The importance of this requirement cannot be overstated. Currently, the FAA, which is responsible for safety oversight of our domestic carriers, conducts only limited review of foreign airlines participating in code-share agreements with our airlines. For foreign airlines, the FAA looks only at whether the flag country has a good institutional structure for regulating aviation safety. The FAA does not evaluate the safety of the foreign airline itself.
Delta's recent suspension of its code-share with Korean Air underscores this point. The FAA had no safety concerns with the arrangement because South Korea has a system for regulating safety that, on paper, appeared adequate. However, in this case--and possibly in far too many other cases--there appears to be little correlation between FAA's assessment of the foreign regulatory system and the actual safety performance of a carrier.
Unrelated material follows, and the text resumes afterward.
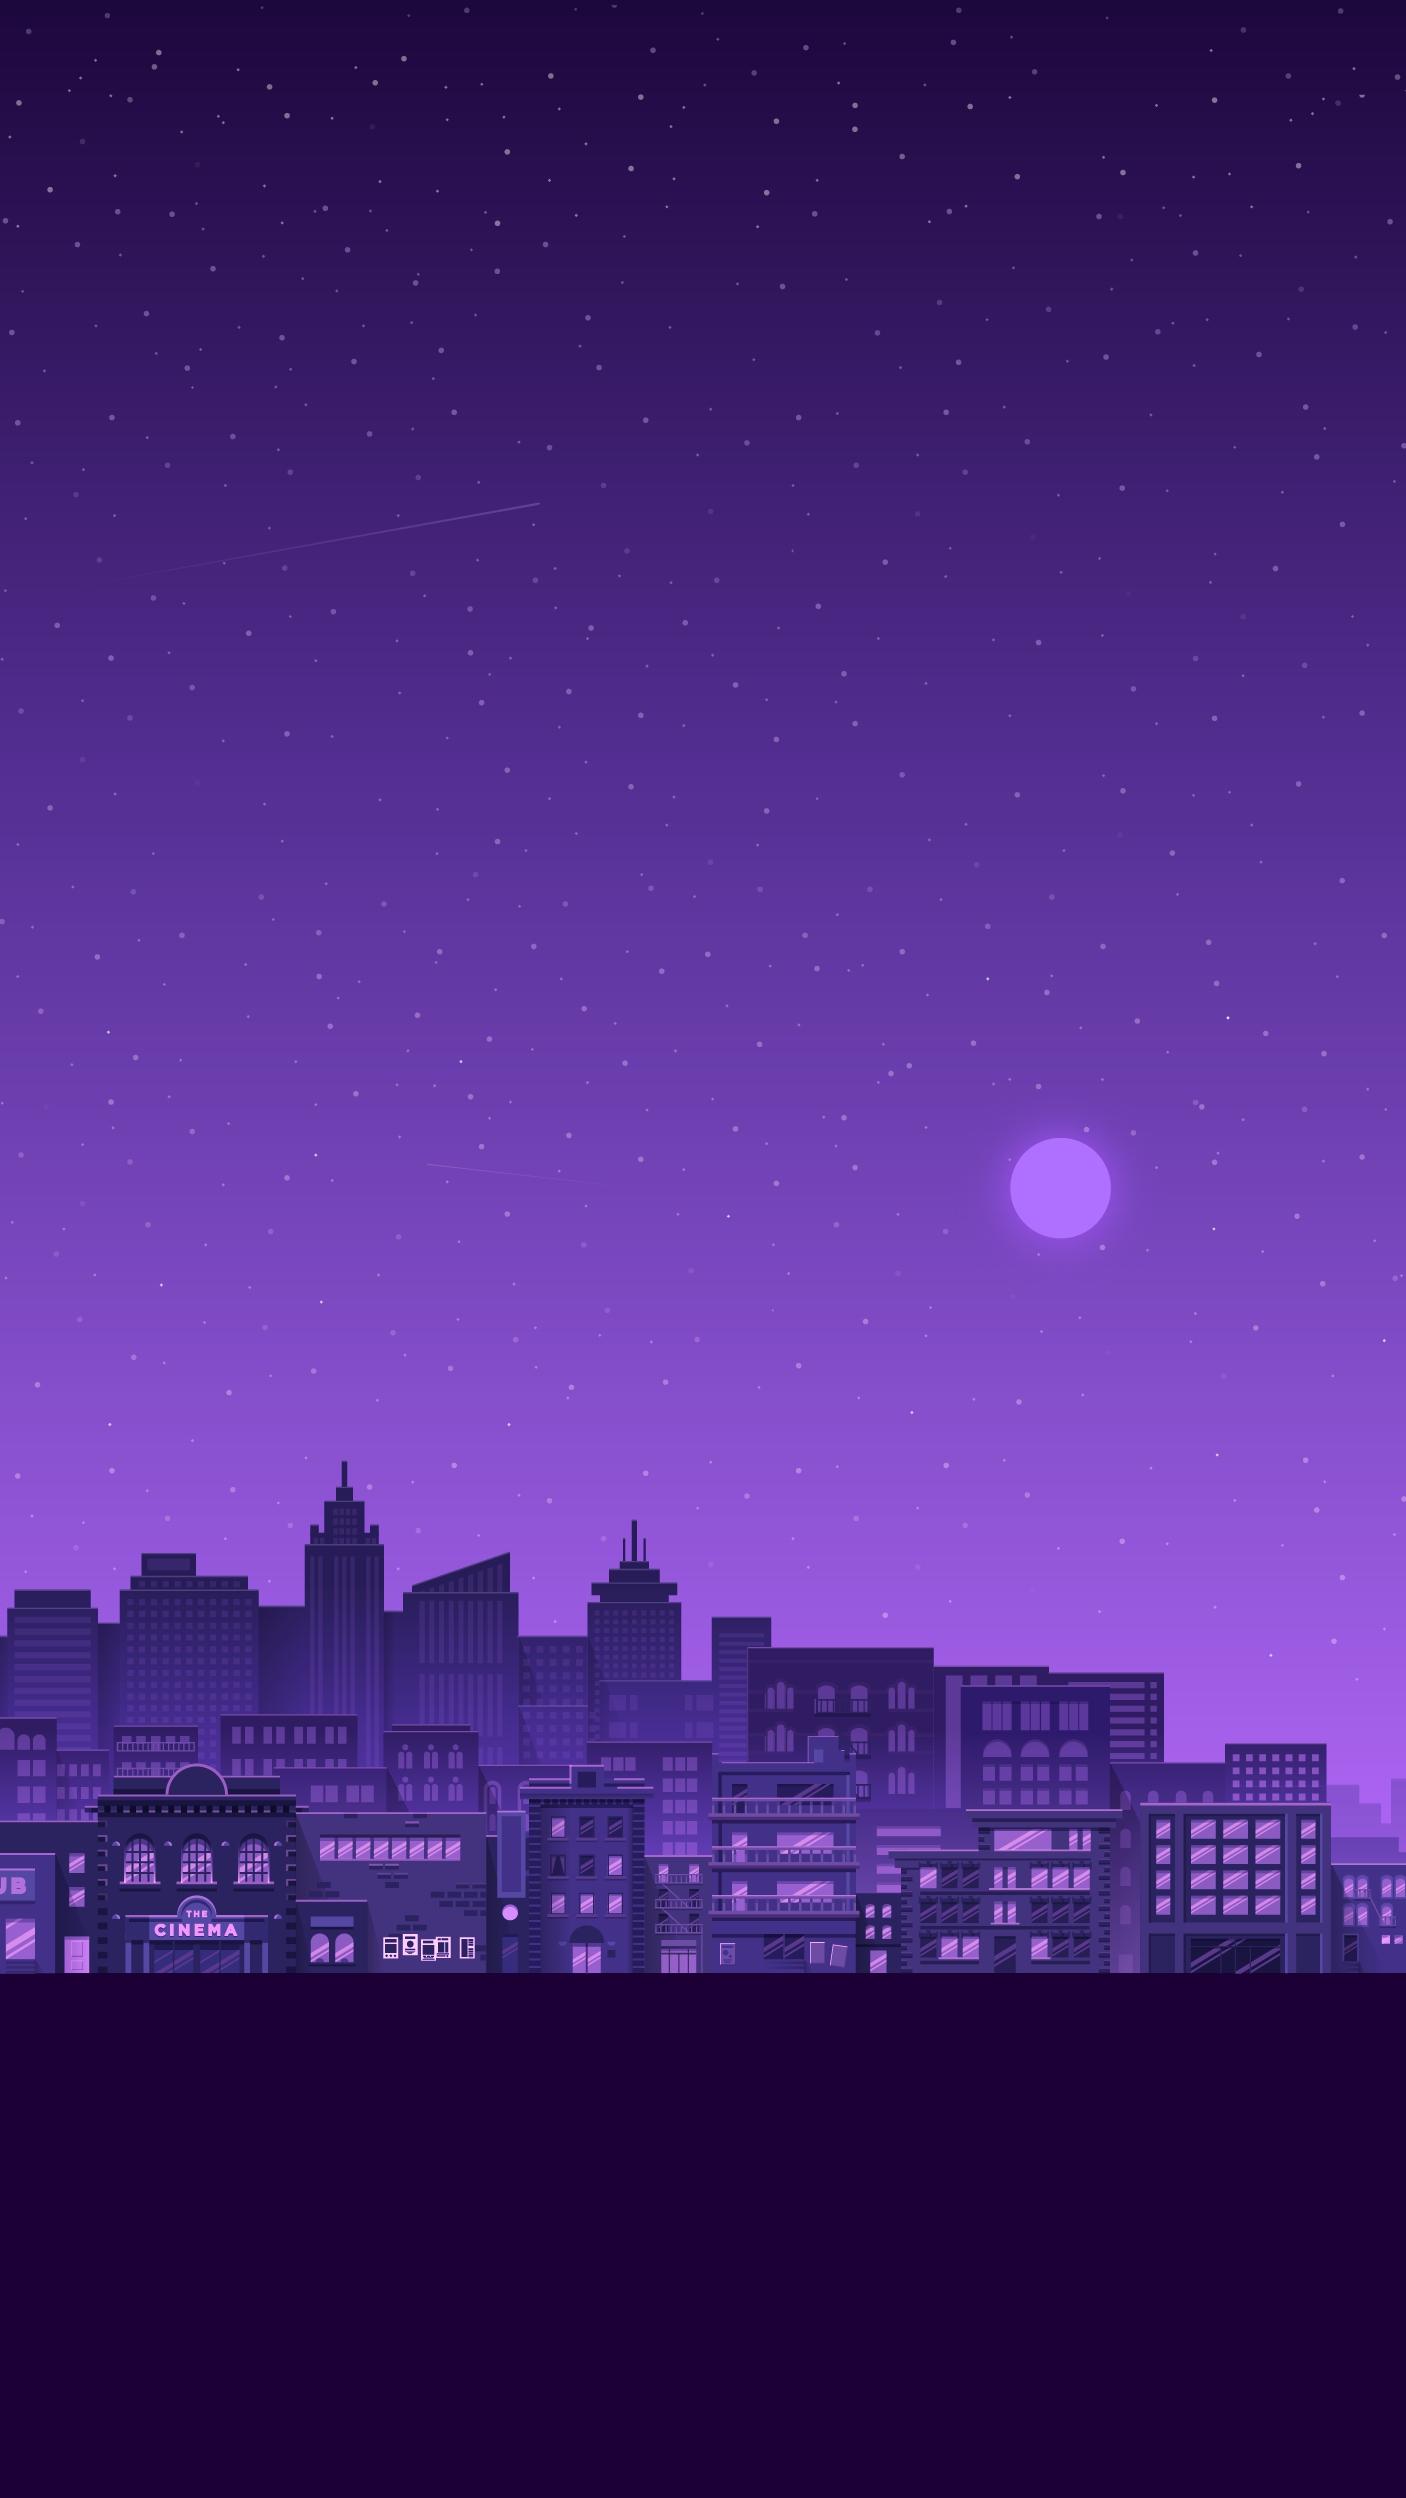 Cute Christmas Owl Desktop Wallpaper Purple City Iphone Wallpaper Iphone Wallpapers

That observation is not meant to fault FAA for its efforts to assess the aviation regulatory systems of foreign governments. The FAA's assessment does provide valuable information about the structure and capabilities of a particular country's civil aviation authority; it does not provide specifics about a particular foreign code-share partner, when the changing nature of international aviation demands such an assessment.
This legislation will respond to the challenge of increasing the safety margin for the American traveling public by establishing a process for making meaningful safety judgments about foreign airlines.
I urge my colleagues to join me in co-sponsoring this legislation.